Charles Manson, now 74, sports a grey beard and bald head.
Updated: Sunday, 09 Aug 2009, 4:49 AM PDT
Published : Sunday, 09 Aug 2009, 4:48 AM PDT
Posted by: Scott Coppersmith
Los Angeles (myFOXla.com) - It was 40 years ago today that America's worst fears of the
hippie generation crystallized when Sharon Tate and four others
were slaughtered by Charlie Manson's "family" in her rented
Benedict Canyon home.
On Aug. 9, 1969, coffee heiress Abigail Folger, Voytek
Frykowski, Jay Sebring, Steven Parent and Tate -- who was 26 years
old, eight months pregnant and married to film director Roman
Polanski -- were slain "to instill fear into the establishment,"
one of the killers, Susan Atkins, later told a grand jury.
A day later, Manson's followers struck again -- slashing to
death grocery store chain owner Leno LaBianca and his wife,
Rosemary, in their Los Feliz-area home.
The murderers left bloody messages at both crime scenes,
including the title of a Beatles song, "Helter Skelter," in what
authorities believe was an effort to start a race war.
Following a nine-month trial in 1970-71, jurors convicted
Manson, Atkins, Leslie Van Houten and Patricia Krenwinkel -- and
Charles "Tex" Watson in a separate trial -- of first-degree murder
and recommended they die for their crimes. In 1972, however, the
California Supreme Court invalidated the then-existing statute for
capital punishment, and their sentences were commuted to life in
prison.
Manson's brief reign of terror is four decades ago, but it
continues to have a hold on America's psyche.
Sandi Gibbons covered their trial for City News Service.
Today, she is a spokeswoman for the Los Angeles County District
Attorney's Office, which prosecuted the case.
What Charlie Manson meant to America was "the death of the
hippie movement," Gibbons told CNS.
The Manson family was "the dark side of the peace, love and
brotherhood movement," she said. "These were still the '60s, with
flower children, love- ins ... peace-loving druggies ... but Manson
was another side altogether. This was murder. This was killing
people."
She said that from the moment Manson's family was uncovered
at their commune in Death Valley a couple months after the murders,
"people looked at hippies in a different light."
She added that the commune movement also "started shrinking."
But Gibbons said she never considered Manson a hippie.
Rather, she said, he was simply a "con man."
She said he knew "how to get people to do his bidding through
drugs, spouting a bunch of philosophy to a bunch of drugged-out
kids, promising them a home -- sex, drugs and rock 'n' roll. The
main thing was that Charlie was never a hippie."
She noted he had been institutionalized for most of his life
since he was a child and that he discovered the hippies in the late
'60s after he got out of prison in Washington state and "wandered
down the coast to the Haight Ashbury District of San Francisco."

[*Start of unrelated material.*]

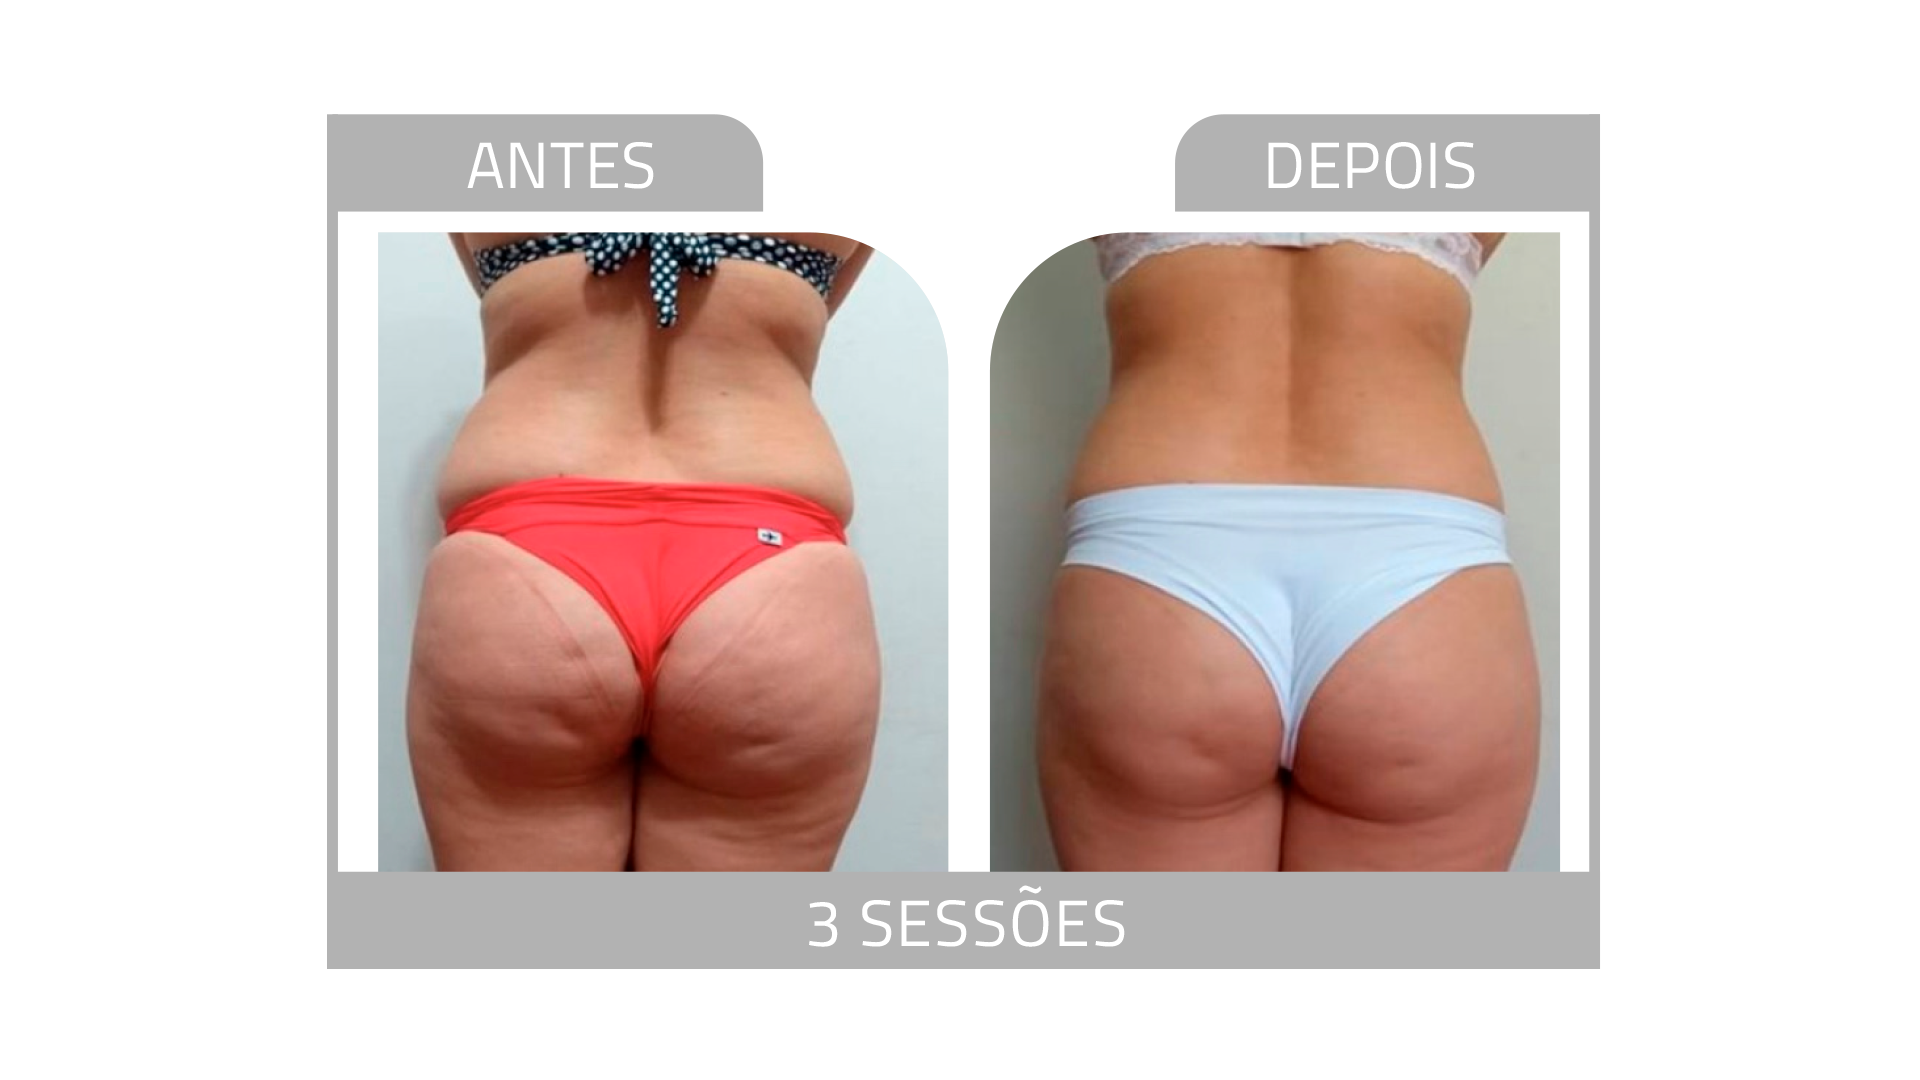 ANTES E DEPOIS LG 13.png

She said he played the guitar and gathered a small following,
and that "his visions didn't turn dark until he got rejected in Los
Angeles on the music front."
"The bottom line is that Charlie was a con man, and he's
still conning people," she said. "I was raised in the South, and
Charlie to me was a redneck Southerner who did not like women --
they were something to use, and he used them well."
Manson has repeatedly been turned down for parole, as have
the so-called Manson women, even when one of them became terminally
ill with brain cancer.
When asked for her personal opinion on whether the women
should be paroled after 40 years, Gibbons said that as a
spokeswoman for the District Attorney's office she couldn't discuss
that.
"So far, this office has opposed parole," she said.
Gibbons noted the Manson women were in their mid 20s when
they committed their crimes, and that she wasn't much older at the
time.
"I could easily have been them -- but I wasn't," she said.
She said she sat behind Manson during some of the trial, and
did not consider him to be charismatic in the least.
"He was like 5 feet 2 inches, a little redneck Southerner. I
did not find him charismatic, or fascinating or interesting. He was
a little creep."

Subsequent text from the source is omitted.